After a year of all this, I still wasn’t happy. Something seemed wrong. I felt frustrated. Now that I was doing all the things I thought would make me happy, why wasn’t I happy, I thought. So I blamed God for my frustration. I believed that God was causing this confusion and that if he just left me alone I could party, have fun and finally be happy without feeling guilty or wrong about it. So one night, at 19 years of age, I called upon God again.

Alone in my room on a cold night, I called out to God. I vented all my frustration and anger. I pleaded with Him to have a normal life. I just wanted to be left alone without “Him” bothering me, condemning me, making me feel guilty. Finally, I quieted down. And from my deepest, innermost being I stated my request, “God, go away, leave me alone.”

Of course, I didn’t really expect an answer. I didn’t expect anything to happen. I didn’t expect to feel anything. But I did. With the final word of my request, I felt a withdrawal occurring. I didn’t know exactly what was leaving, but something was, something was pulling back from me, away from me. As that withdrawal was occurring I also received a communication. It was God. Speaking to me. Not in words, but in feeling, in knowledge. It was an affirmation. “Ok, I will leave you.”

There was no sense of anger or sorrow with this affirmation. It was just an affirmation, an acknowledgment and acceptance of my request. And I panicked. Sort of. With God’s affirmation, I decided I didn’t want to burn in hell, so I modified my request. I added, “God, when it is time for me to return, when the Last Days are here, let me know, and I will return.” Again there was that sense of affirmation, of acceptance of my request, and with that last affirmation, God was gone.

More years passed. I stumbled through life. I never found my niche. I had long since given up on my friends and colleagues realizing the path they were on was self-destructive. I had chosen a different path. But it wasn’t any easier.

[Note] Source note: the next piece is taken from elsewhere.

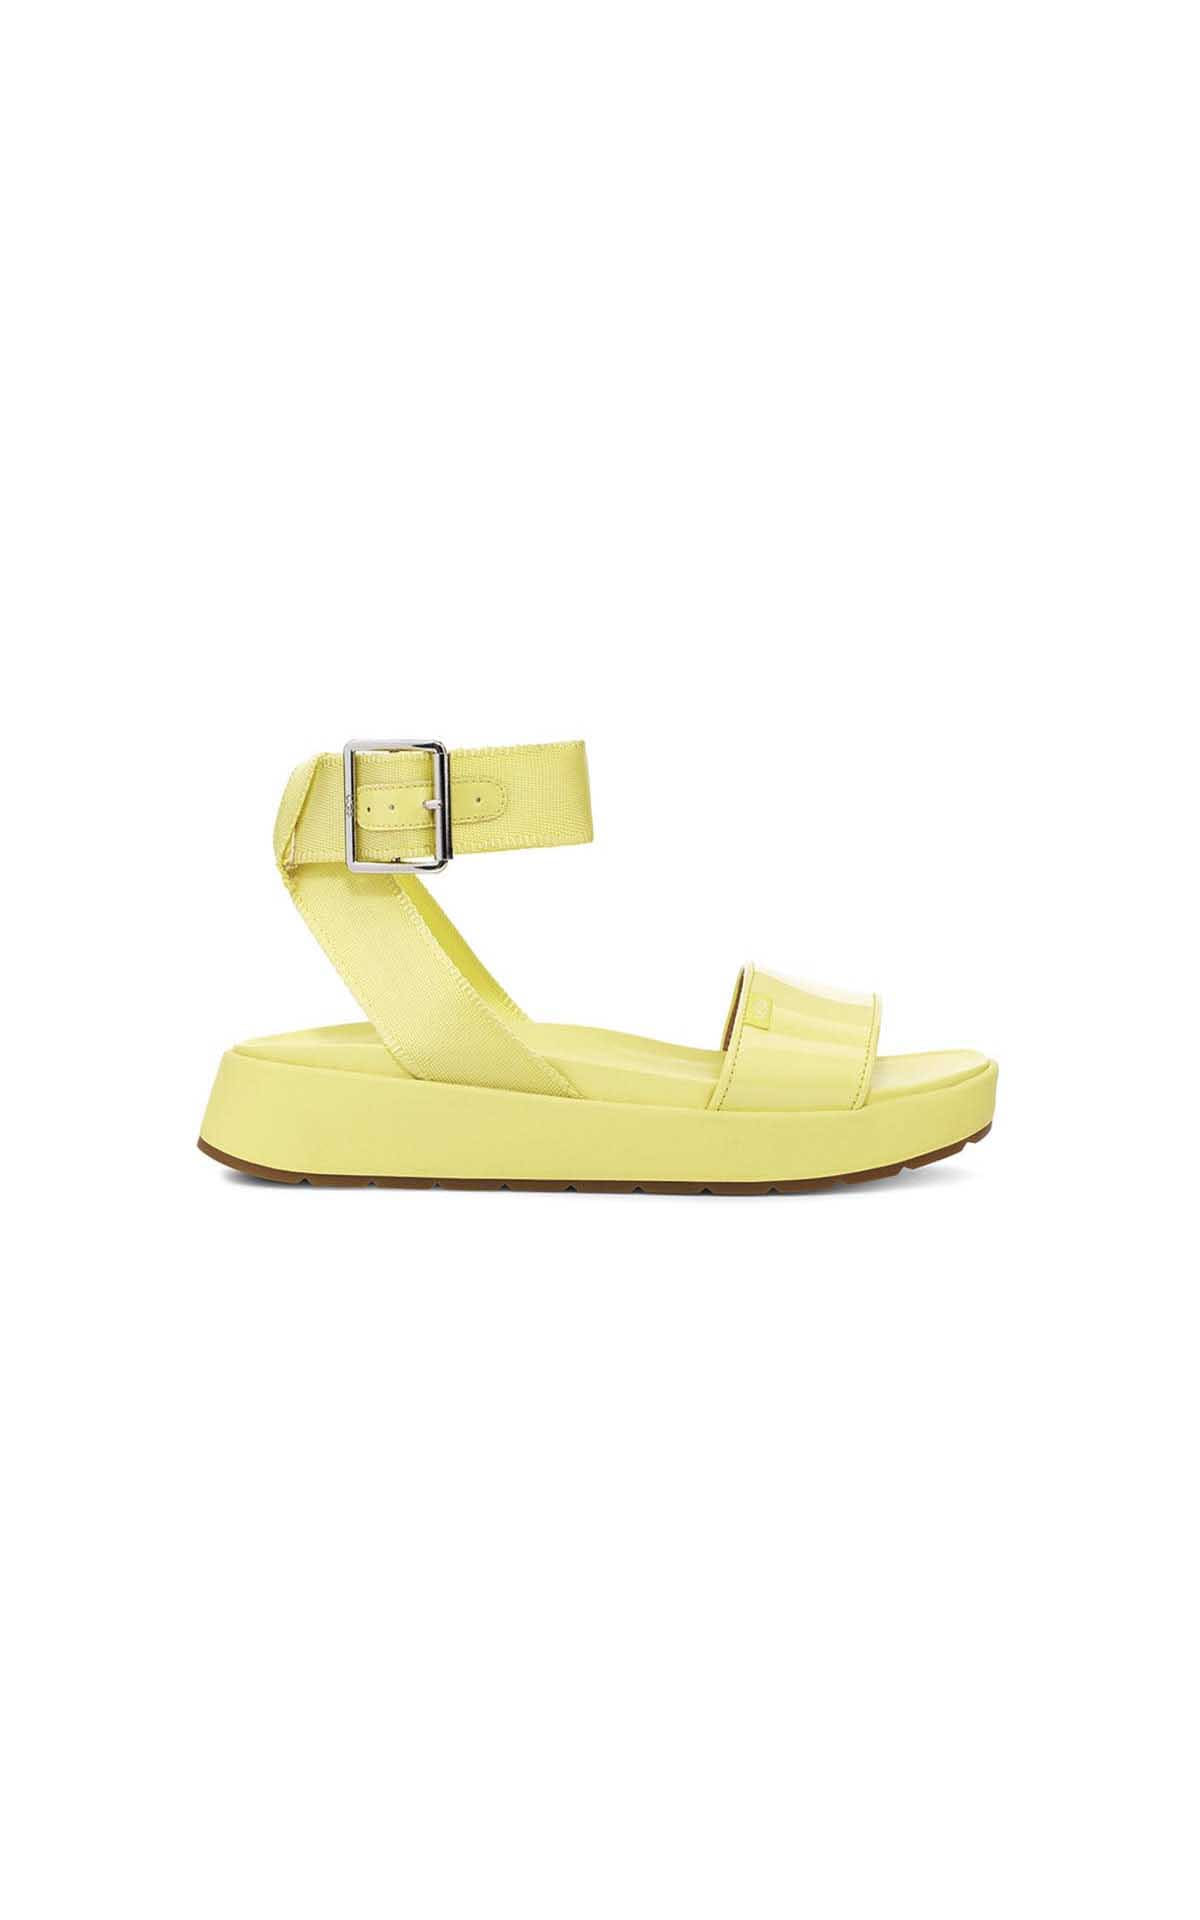 UGG yellow sandal

After my car wreck, I took to reading. I had always loved reading, so it was no great struggle for me to finally have the time to read all the great books I had always wanted to read. And I realized I now had the time to read up on God and spirituality and religion.

I read Greek, Roman and Norse mythology. I obtained a translation of the Dead Sea Scrolls. I found and read the Lost Books of the Bible, the Hidden Books of Eden and the books of Enoch. I consulted with the pastor of my church once a week for several months bringing in pages of questions for which I sought answers. I spoke with counselors and therapists trying to understand the twists and turns of my own mind. I attended meetings and seminars and workshops.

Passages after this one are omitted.